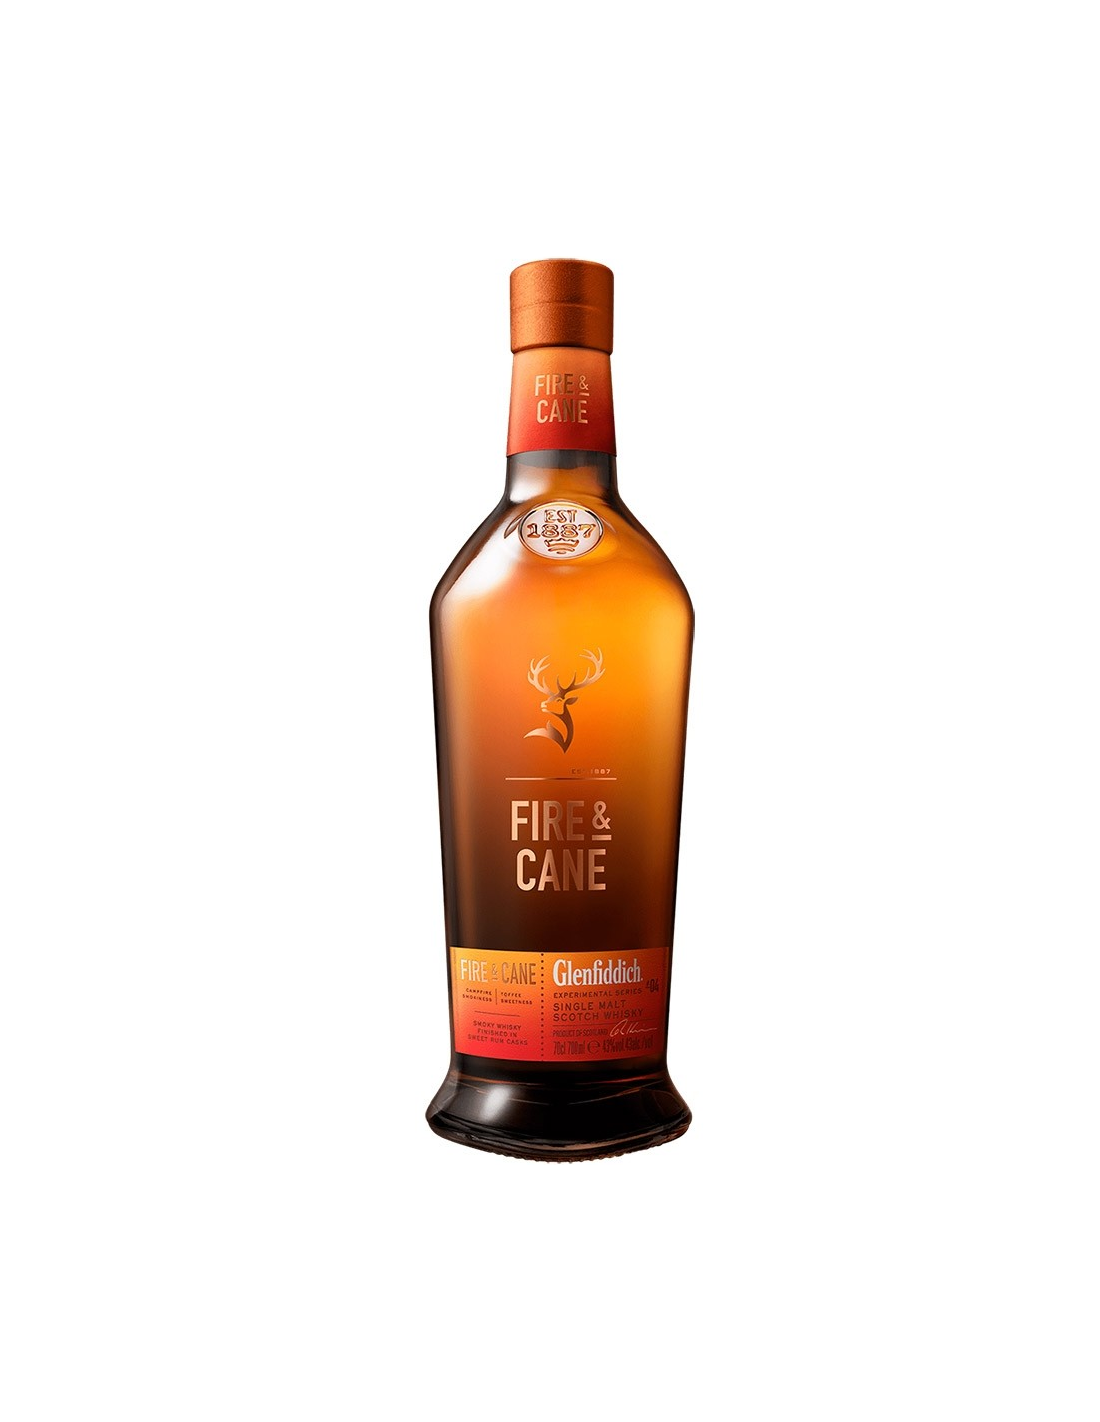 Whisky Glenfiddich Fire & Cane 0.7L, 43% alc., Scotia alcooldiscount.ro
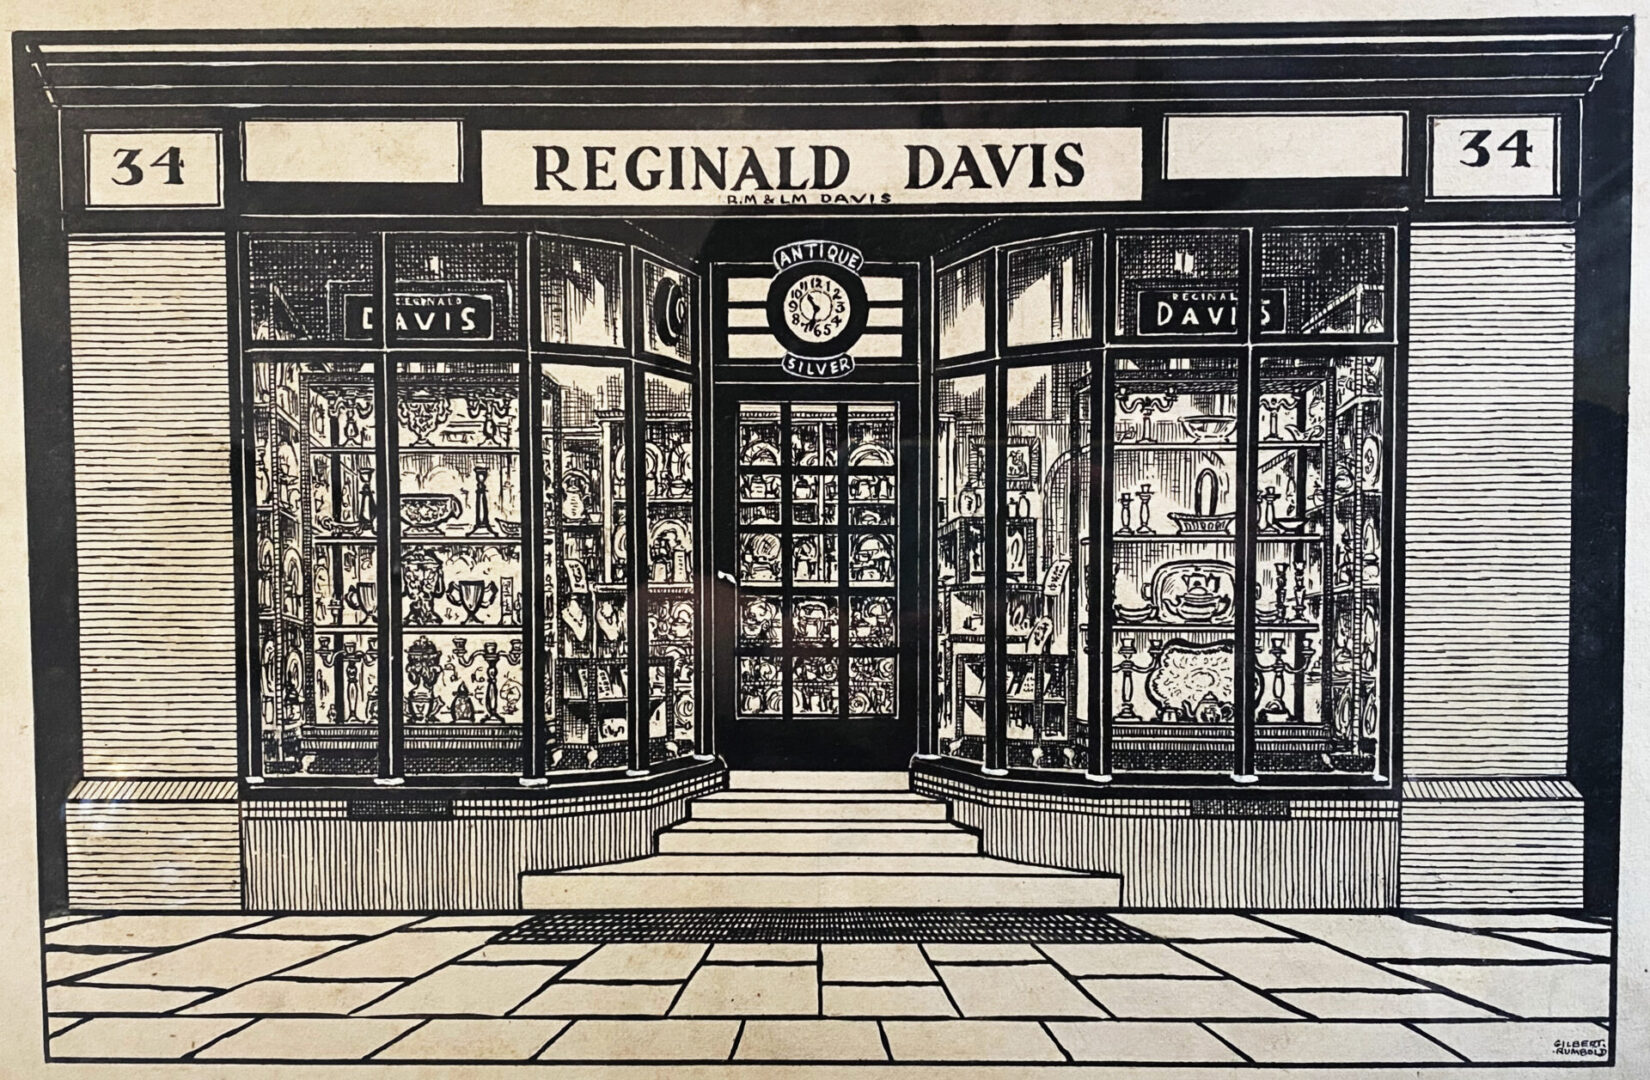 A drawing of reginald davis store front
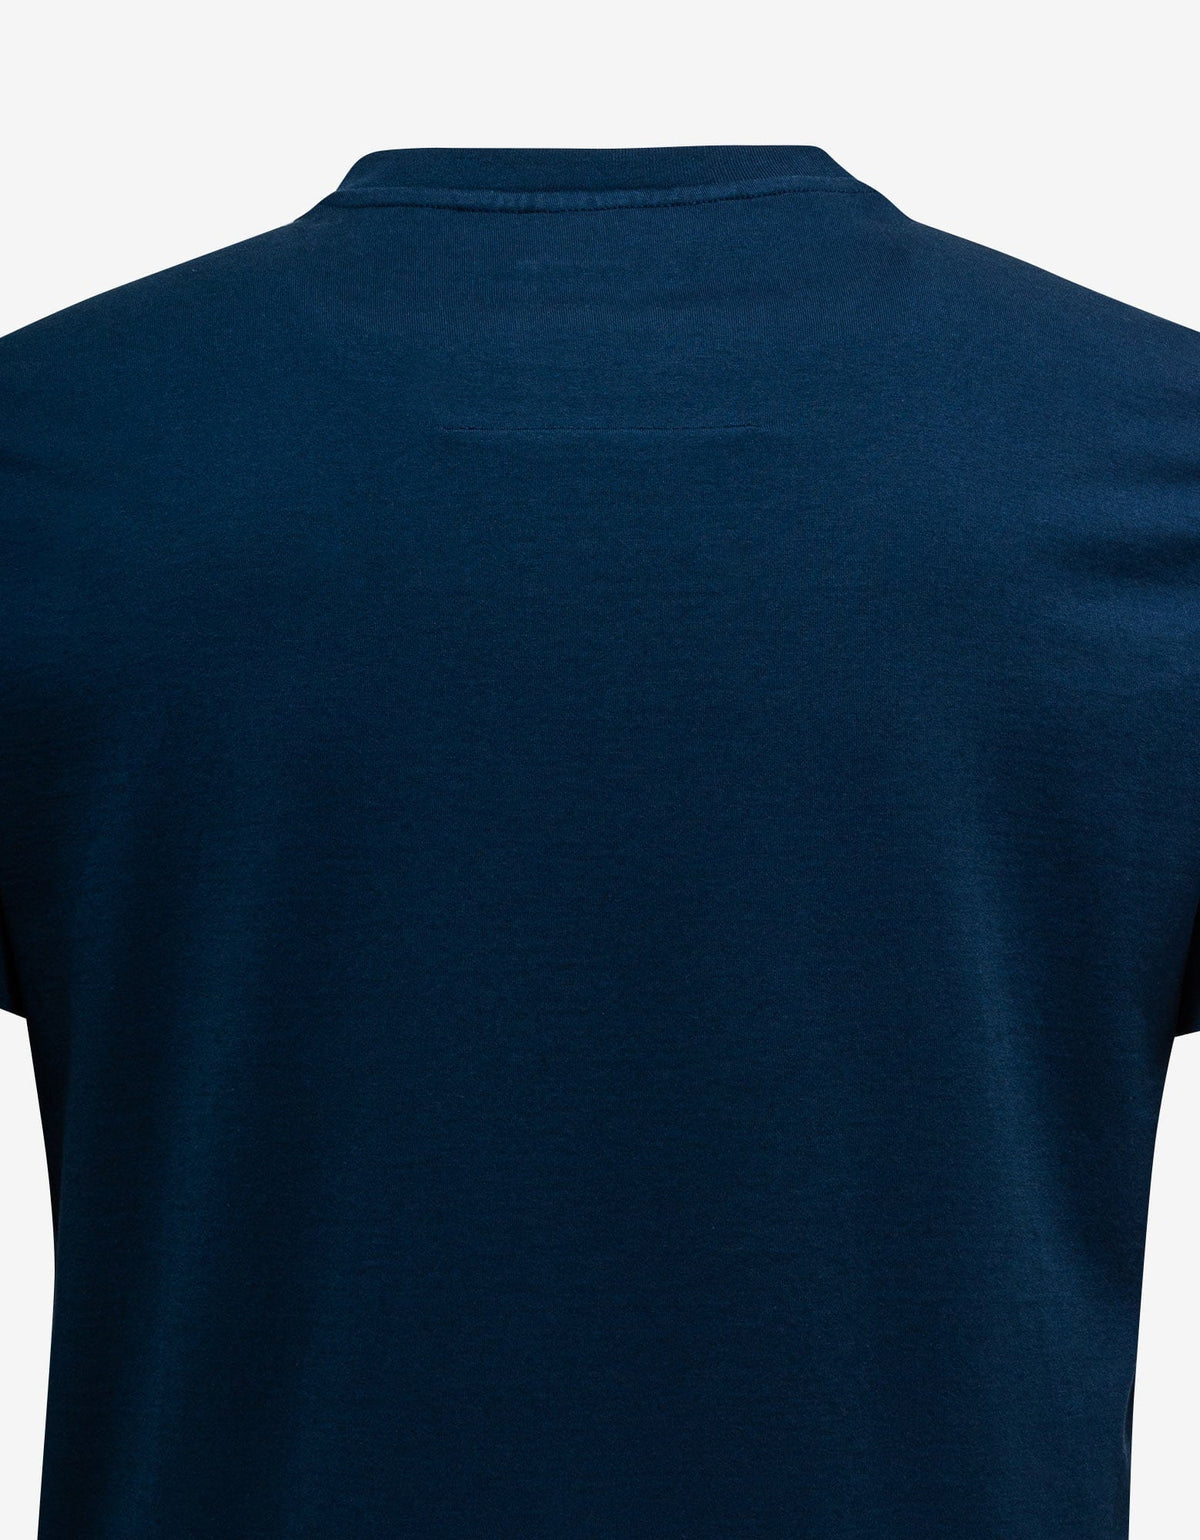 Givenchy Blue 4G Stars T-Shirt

+++++

TO DO:
Transcribe word for word only the lines from the one with "A drawing of reginald davis store front" through the end of the listing; every picture is to be omitted.

REPLY TO THE TASK:
 A drawing of reginald davis store front
 Givenchy Blue 4G Stars T-Shirt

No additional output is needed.